_RECORDED INFORMATION_.
⟨
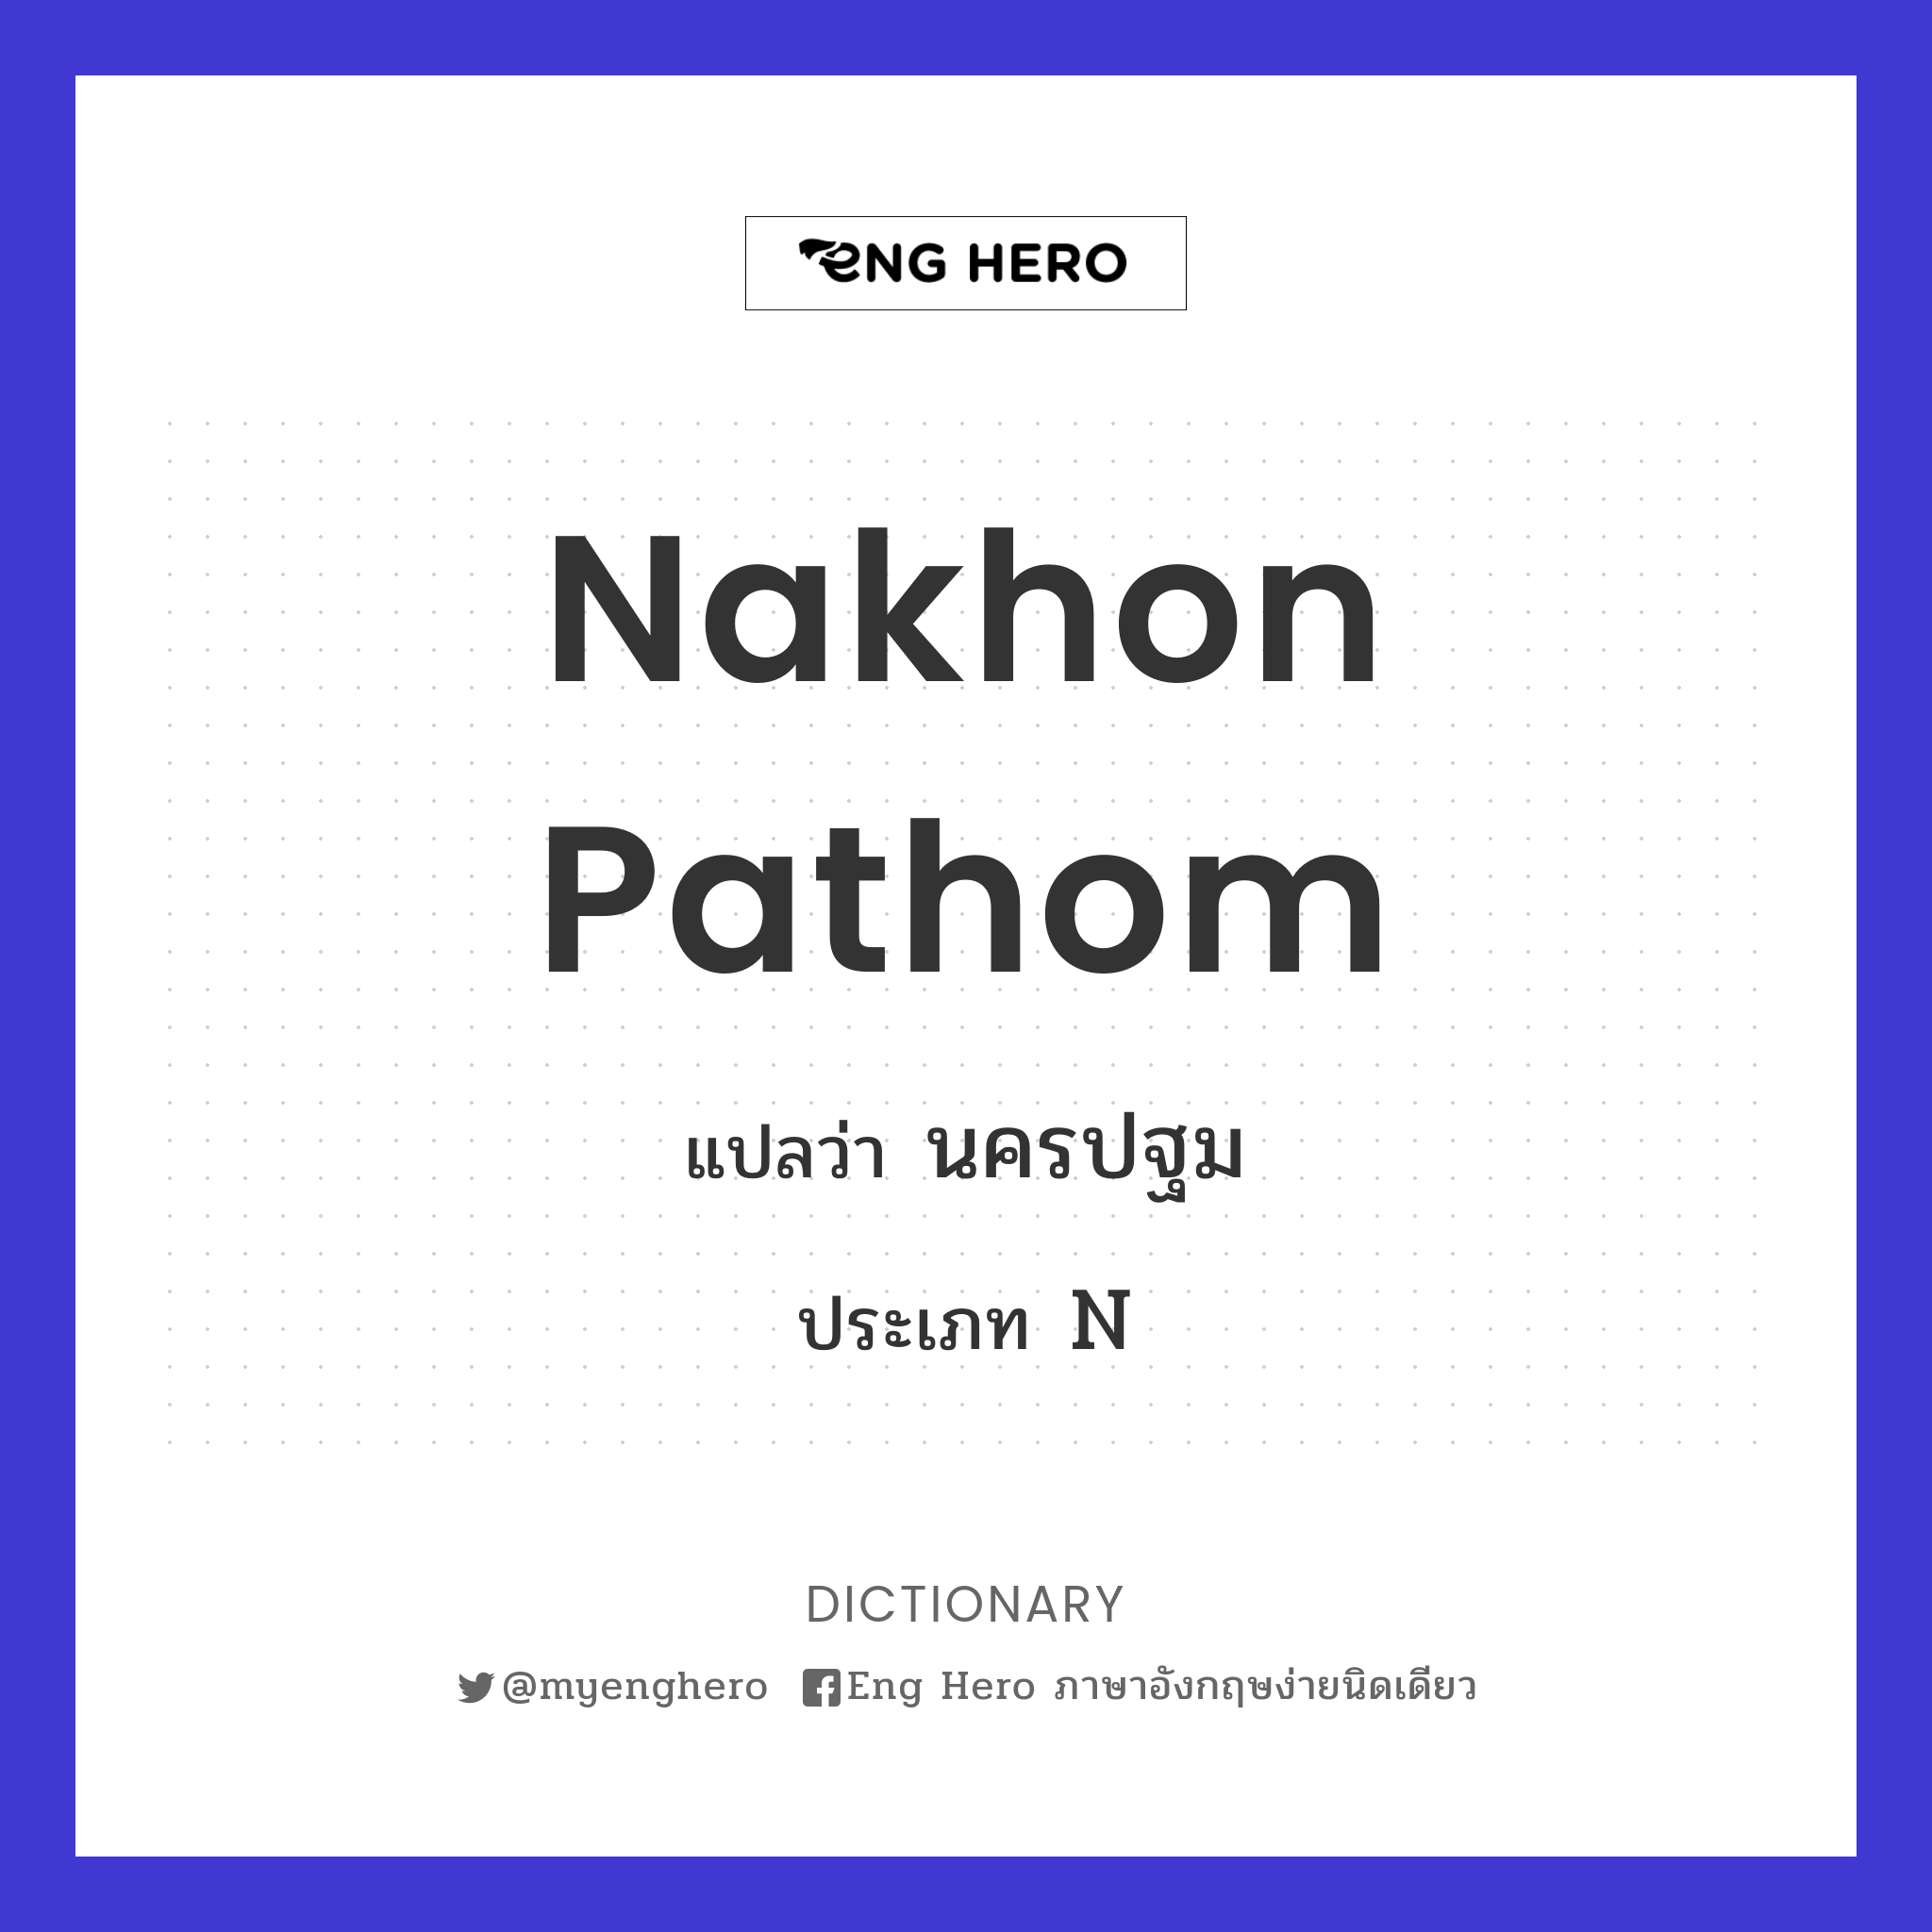 Nakhon Pathom
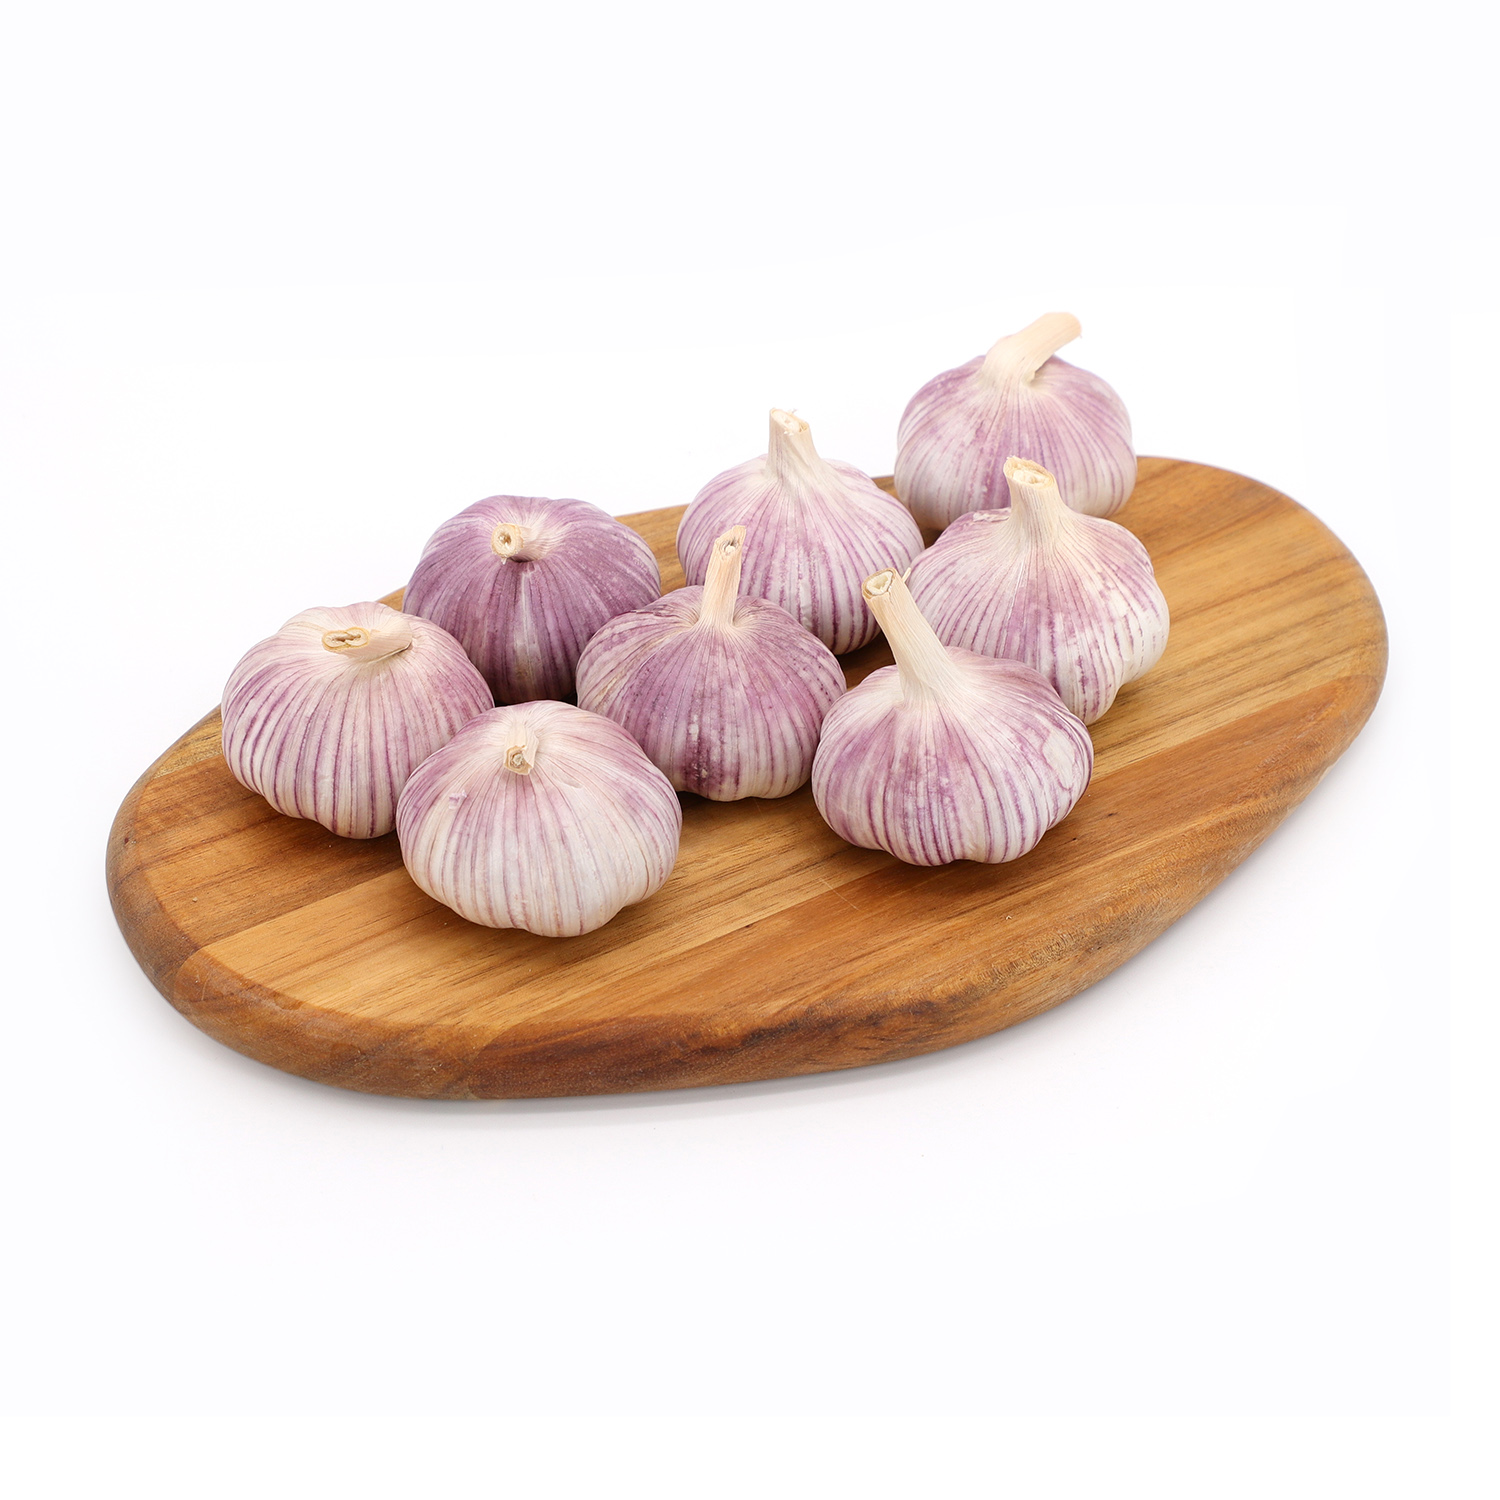 Price Information of Jinxiang Garlic in June 24th
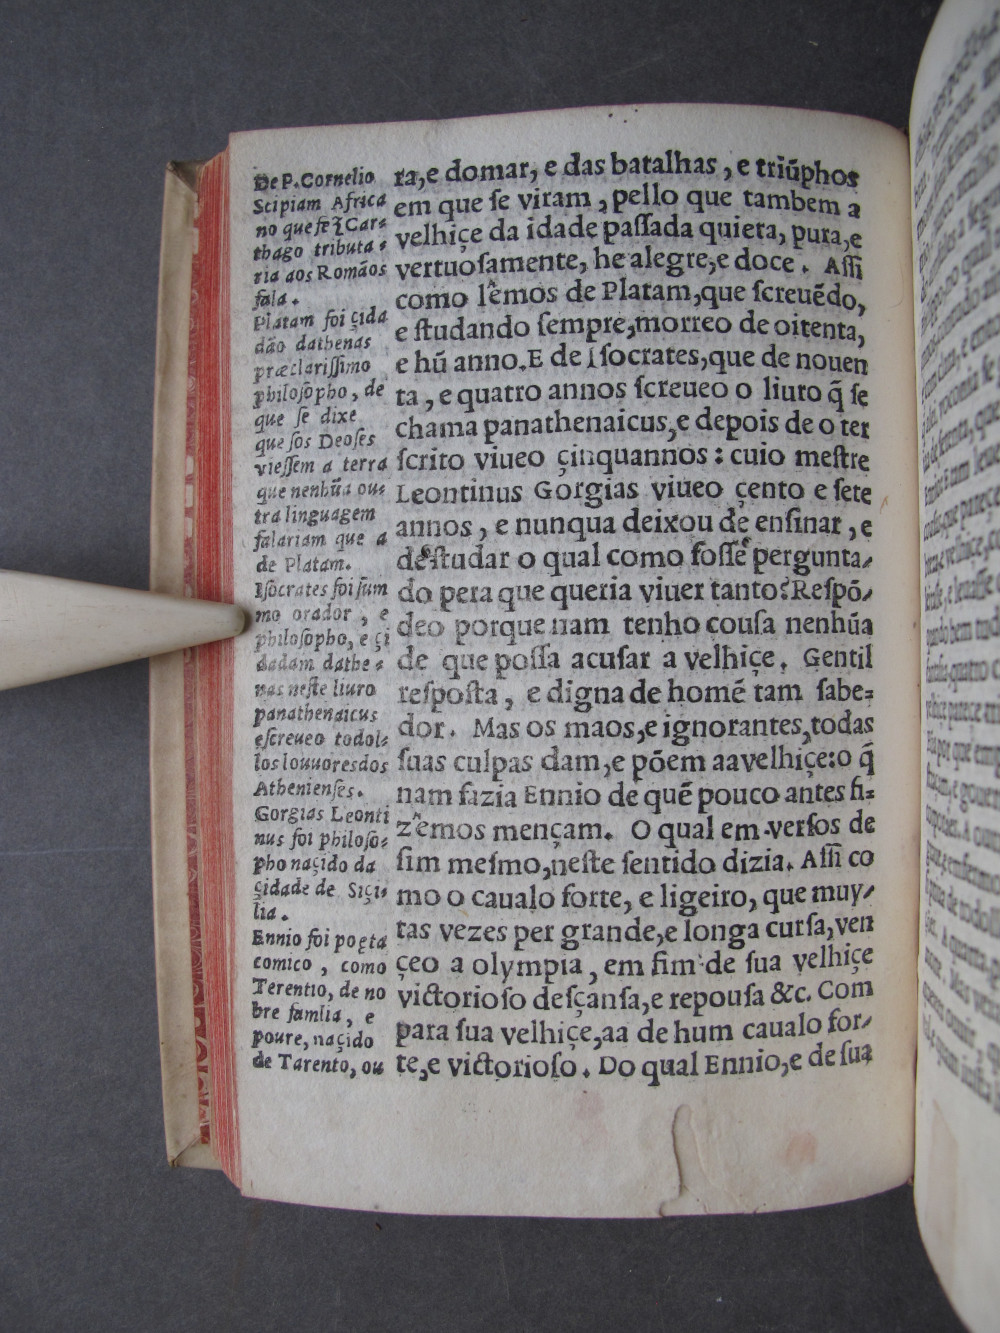 Folio B1 verso
⟩
_DESCRIPTION OF THE TASK_. I would like the data above transcribed exactly, with its pictures left out.

_ANSWER SECTION_.
 Nakhon Pathom
 Price Information of Jinxiang Garlic in June 24th
 Folio B1 verso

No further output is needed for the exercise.